Time, people.  What everyone needs is time.  Plain and simple.

And your time is probably different than my time and neither one of us is wrong.  To judge a person on their walk through life is not only mean, it's also the worst example of arrogance.  Is one person so omniscient that they can command another how to "get over it" or when to "move on"?  Judging feels that way to me.

Circling back around, I do know that I won't always cry when I mow the lawn.  With time, it will just be another task that I complete.  I might even like it again.  I see it, albeit far away, but I do know it's waiting there for me somewhere down the road.  Until enough time passes I guess I'll just embrace the tears and feelings and let them do their thing.  God knows that ignoring them or pushing them away does not work.

Time.  It is the only healer.  It is also the only equalizer that captures us all eventually.

Saturday, March 25, 2017

A List


I haven't done a list in a while.  Lists are kinda fun.  Here's a list of some interesting things I've learned or observed in the past while:

1.  Pigs really do fly.

2.  Audible books make car drives or housecleaning just fly by.  They do not, however, speed up treadmill time.  I think that treadmill time is lost time, like when you get abducted by bigfoot or aliens.

3.  Broken bones are a nuisance but definitely NOT a reason to stop doing things.  Like driving.  Or traveling.  Or working.

4.  Despite the feeling that this season will never end (both figuratively and really) the next season will always come.  But it cannot be rushed.

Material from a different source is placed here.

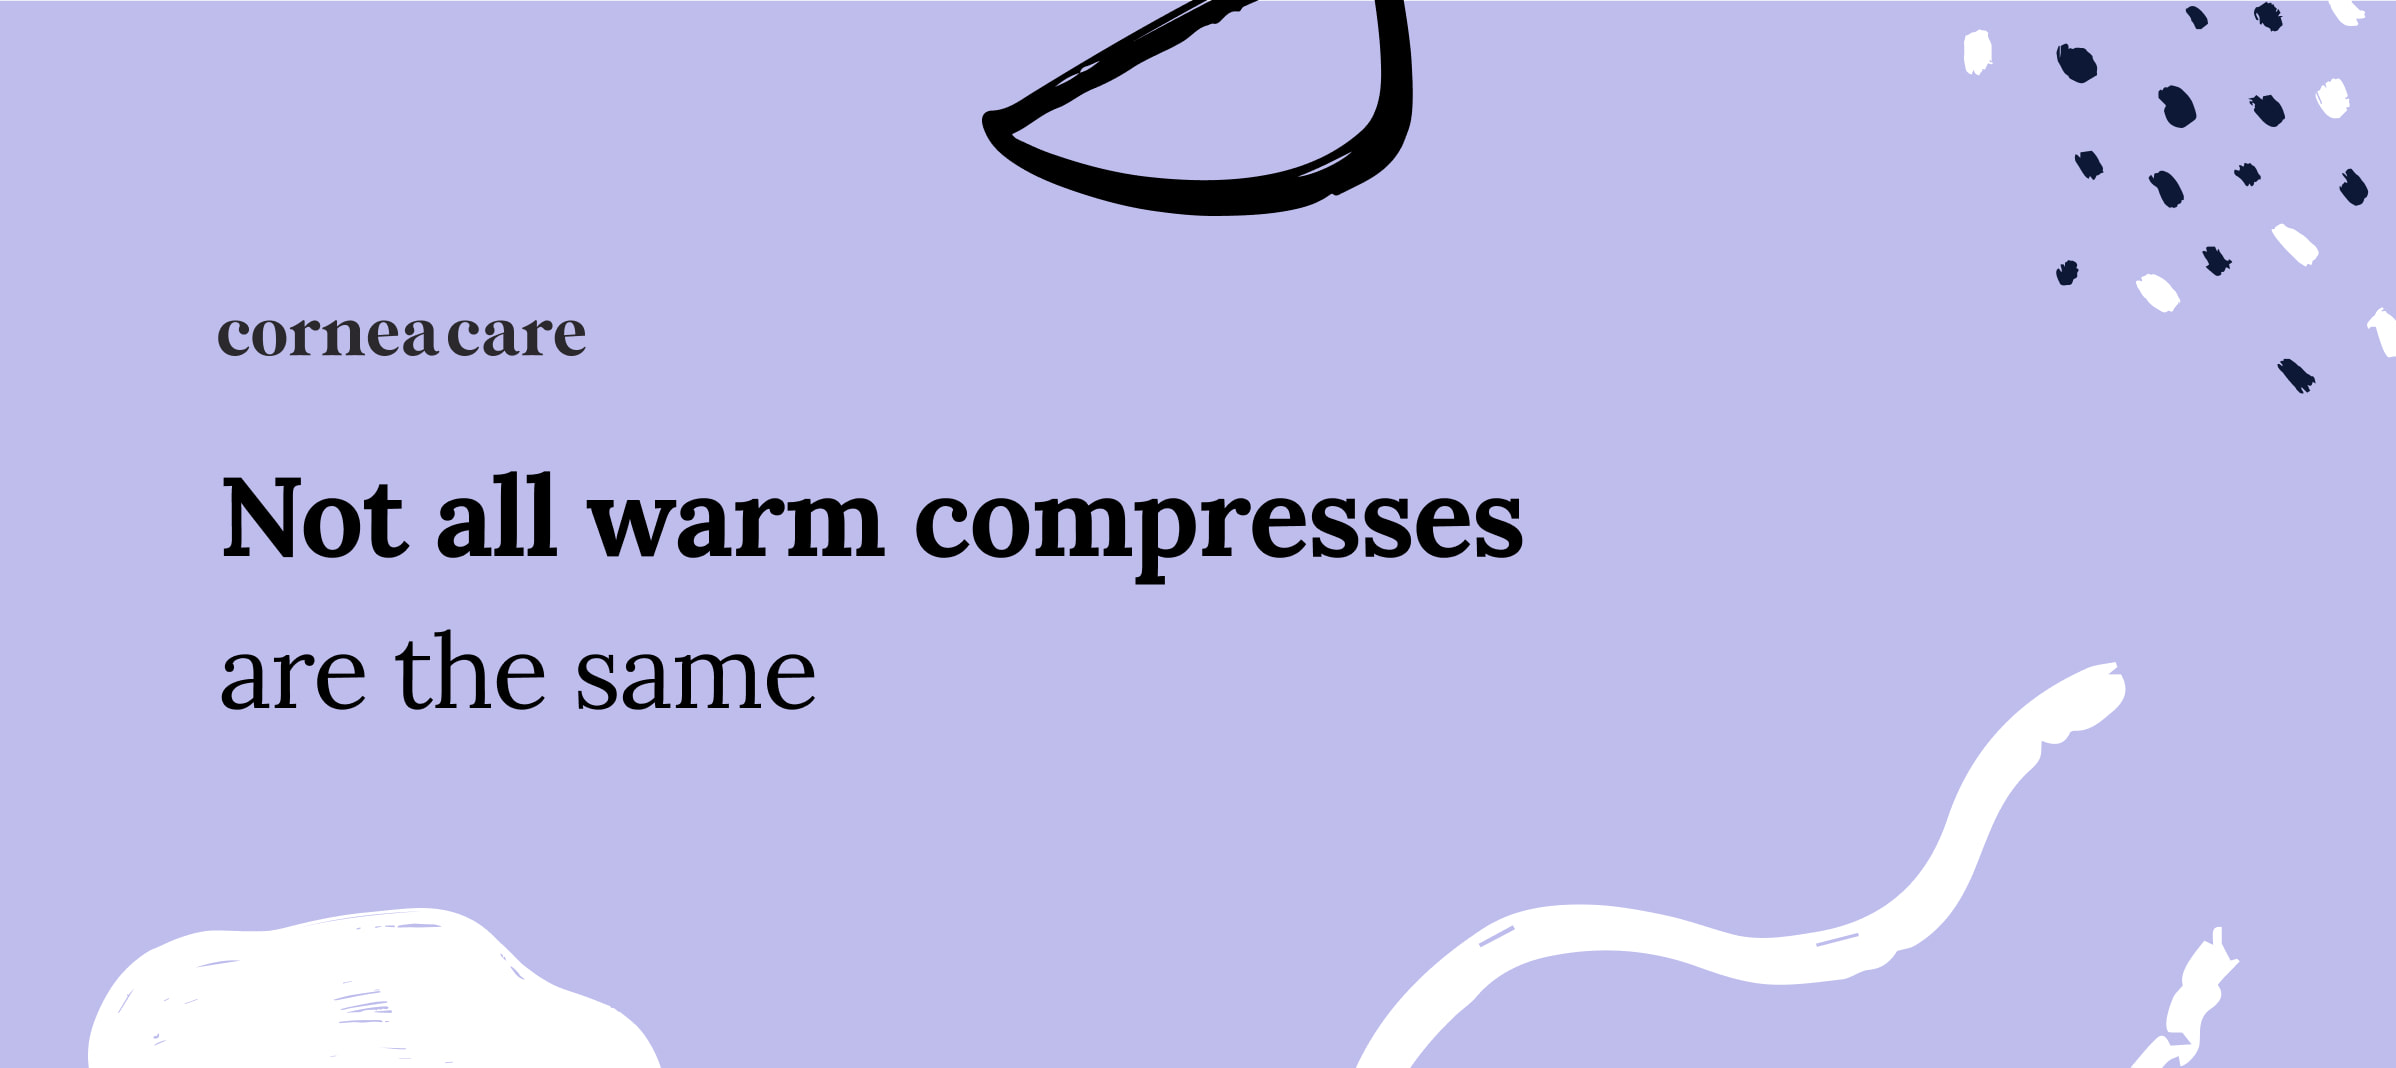 3 types of eye warm compresses

5.  Boundaries keep good things safe and bad things out.  Always set boundaries. With people, with gardens, at movie theaters.

6.  People who post too much stuff on social media are a) insecure as hell and looking for validation, b) playing a make believe game of grownup, c) searching for attention.  I suspect if you were really as happy as you'd like us to believe you wouldn't be posting every annoying detail of your life.

7.  There are many, many children who are masquerading as adults.

8.  Trying to recreate a lost or ruined opportunity is like trying to unbake bread.  It cannot be done.  You'll just end up with a soggy, inedible mess.  Move forward to the next good thing.  It might be a different thing but it might also be a better thing.

9.  Time is the great equalizer.  It cannot be fooled.

10.  If it looks like sh*t and smells like shi*t it's definitely still shi*t.  Try to dress it up and cover it up anyway you like but no one will really be fooled.

11.  People lie.  A lot.  People are also mean.  A lot.

12.  People are self-centered and will throw you under the bus without so much as a backwards glance.  They will use you and pretend you do not exist.  Learn from this and do not treat others the same way.

13.  Words are not always true, actions are often temporary, but patterns cannot be denied.  Think about that one for a while.